There would be some prim, snotty article published in everyone’s favourite broadsheet, that’s what.


There is a flagrant double-standard at work in Australia. This is our cultural climate.

N.B. In 2011, Stynes made comment about Saddam Hussein invading Baghdad. Brainless, indeed.

2 Responses to “Feminism is a Distinctly Single-Edged Sword”

  1. Where this obvious double standard come from? What has caused the cultural climate against masculinity in men? The comments no doubt would have been quite different if he wasnt caucasian of course. I wonder if having the vast majority of the western female population being on artificial contraceptive hormones could have something to do with the underlying nastyness. In any case the problem exists and has become a cliche.

    Heres some funny feminist bookstore skits.

  2. Samantha Says:

    I think you are a talented writer, and I have enjoyed trawling through your entries. You are thought provoking and to the point. However, I don’t understand your point in this post. You don’t make it clear. The way I see it, both Dermott and Yumi made dumb comments about members of the opposite sex. Yumi’s was a snobbish remark regarding a war hero’s intelligence (it was George negus who brought up potential problems in the bedroom), and Dermott’s was a sexually offensive remark that was clearly punitive (a common theme in the football world if a woman dares insult their creed). Both ‘offenders’ copped shit from the media. I would say that Yumi copped more shit than Dermott did, particularly in regards to readers’ comments in the online press. Am i right to think that you are implying that women have more leeway than men when it comes to making offensive remarks?

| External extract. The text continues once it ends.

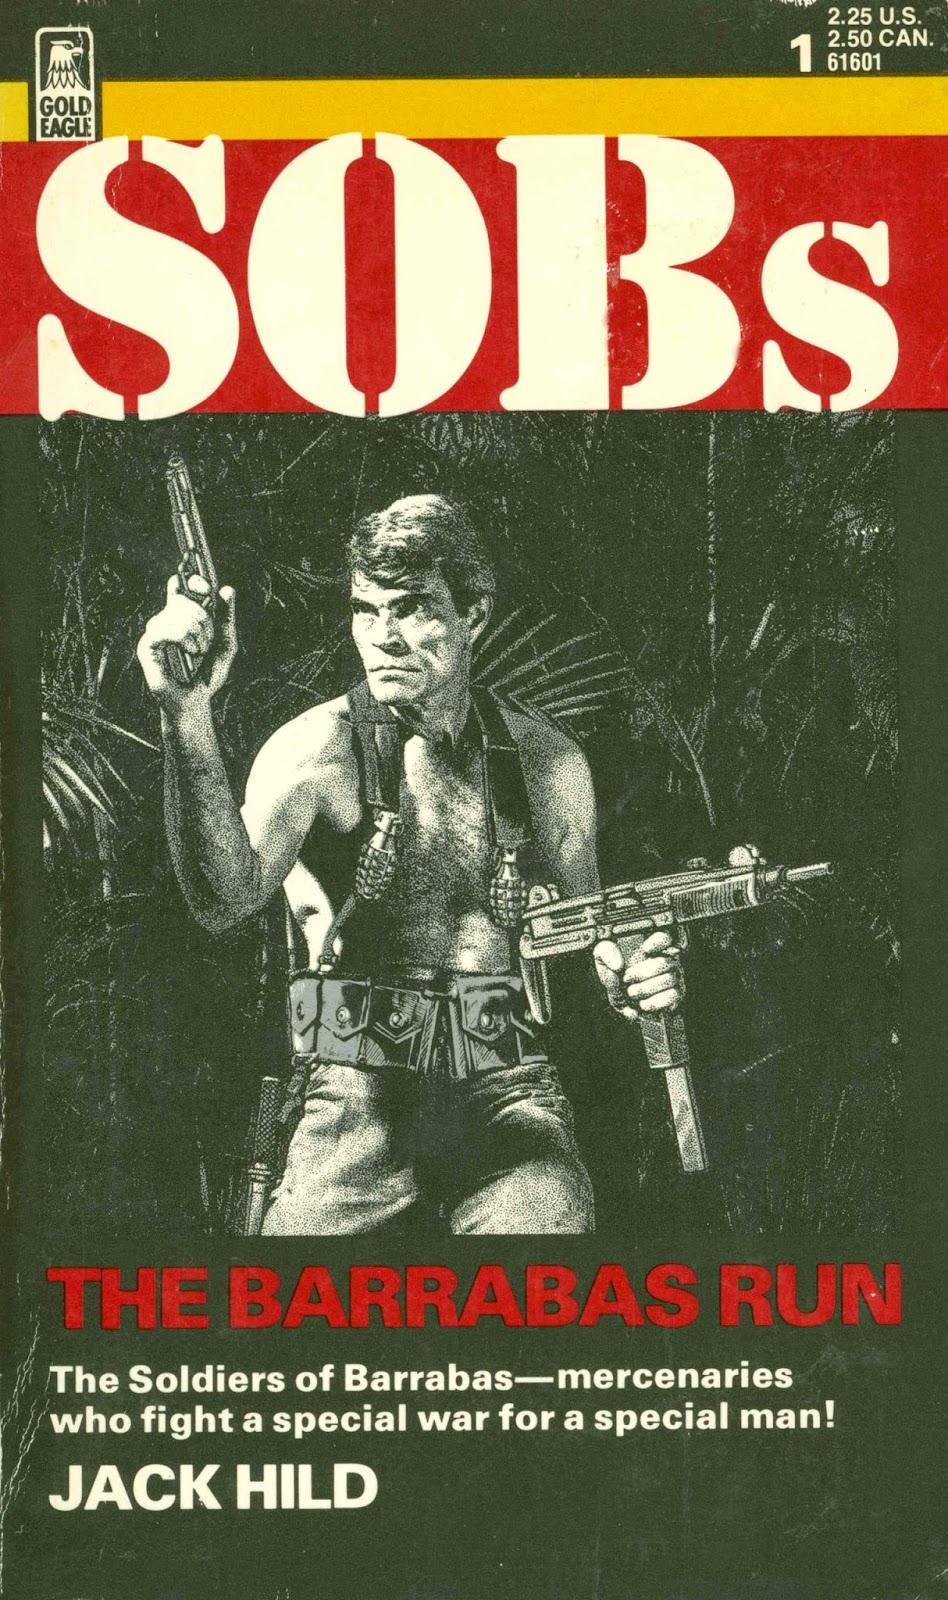 SOBs #1: The Barrabas Run
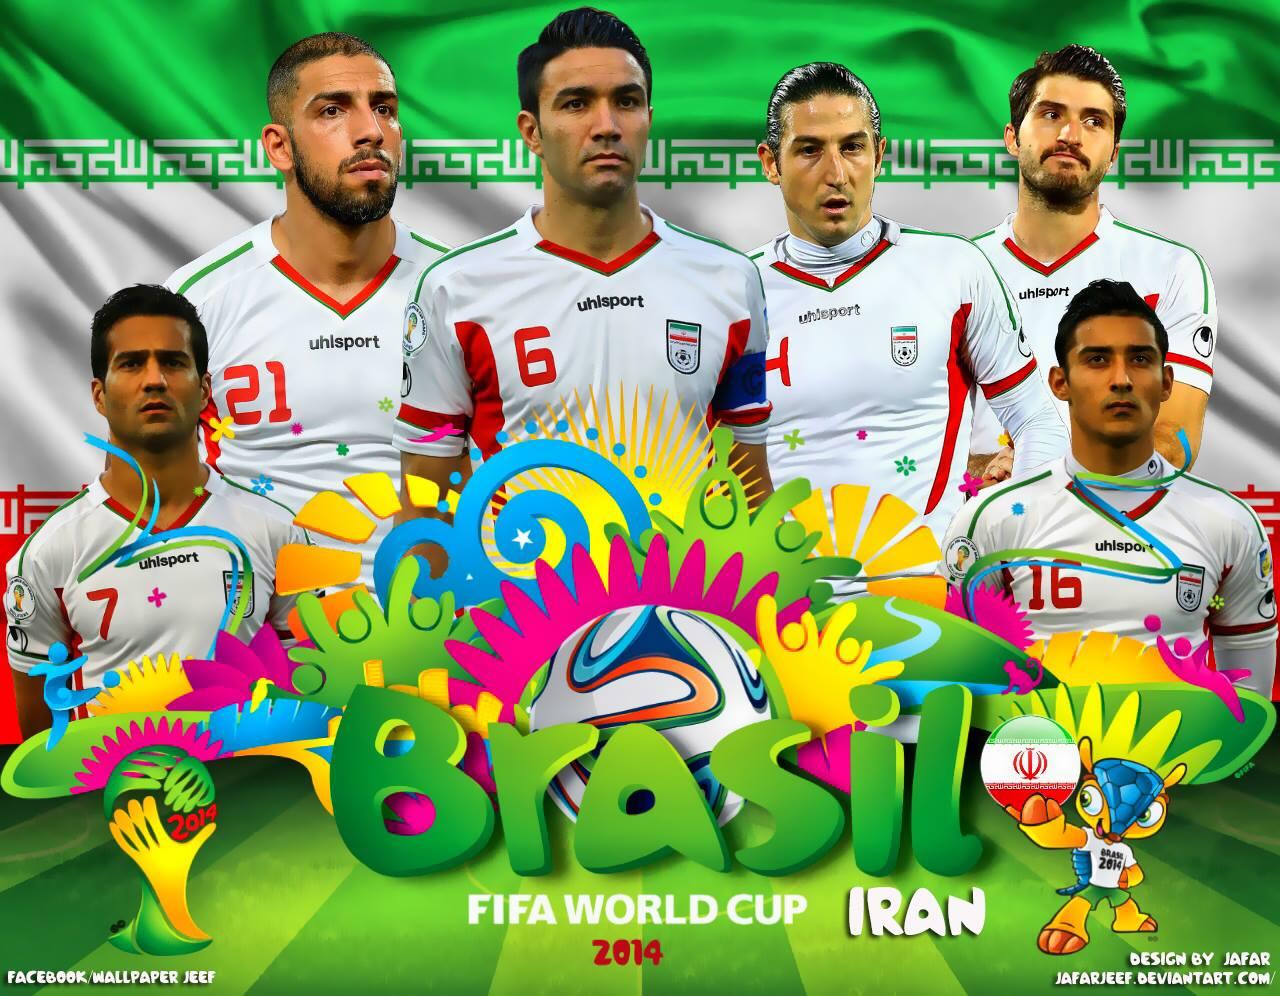 اخبار تیم ملی ایران در جام جهانی 2014 برزیل

    More generally, feminist theory and male/ female interactions seem to feature heavily in your writing. However, from what i have read of your writing, you seem to be hung up on women not living up to the standards you have placed on them, which are the same standards you have placed on men (and I don’t mean that women should be treated with velvet gloves, or should have less expectations placed on them, rather that we are shaped by different forces and you don’t seem to take this into account in your reading of our differing styles of behaviour). And whilst you write about feminism from a male perspective a fair bit, you never write the stuff that women really care about (women, that is, living in a post-industrial context) such as us being far more likely to live below the poverty line then men are, that we make far less money than men, or that we are less likely to have decision making jobs, etc. I will also add that your extreme reaction to a girl pinching your bum is a great example of male privilege (http://www.amptoons.com/blog/the-male-privilege-checklist/). Whilst you have a right to be annoyed and pissed off that someone crossed the line of your physical boundaries, I have to tell you that bum pinching is the least of many of our worries. It happens a fair bit, but it is not nearly as frustrating, not is it as serious, as many of the other set backs we face.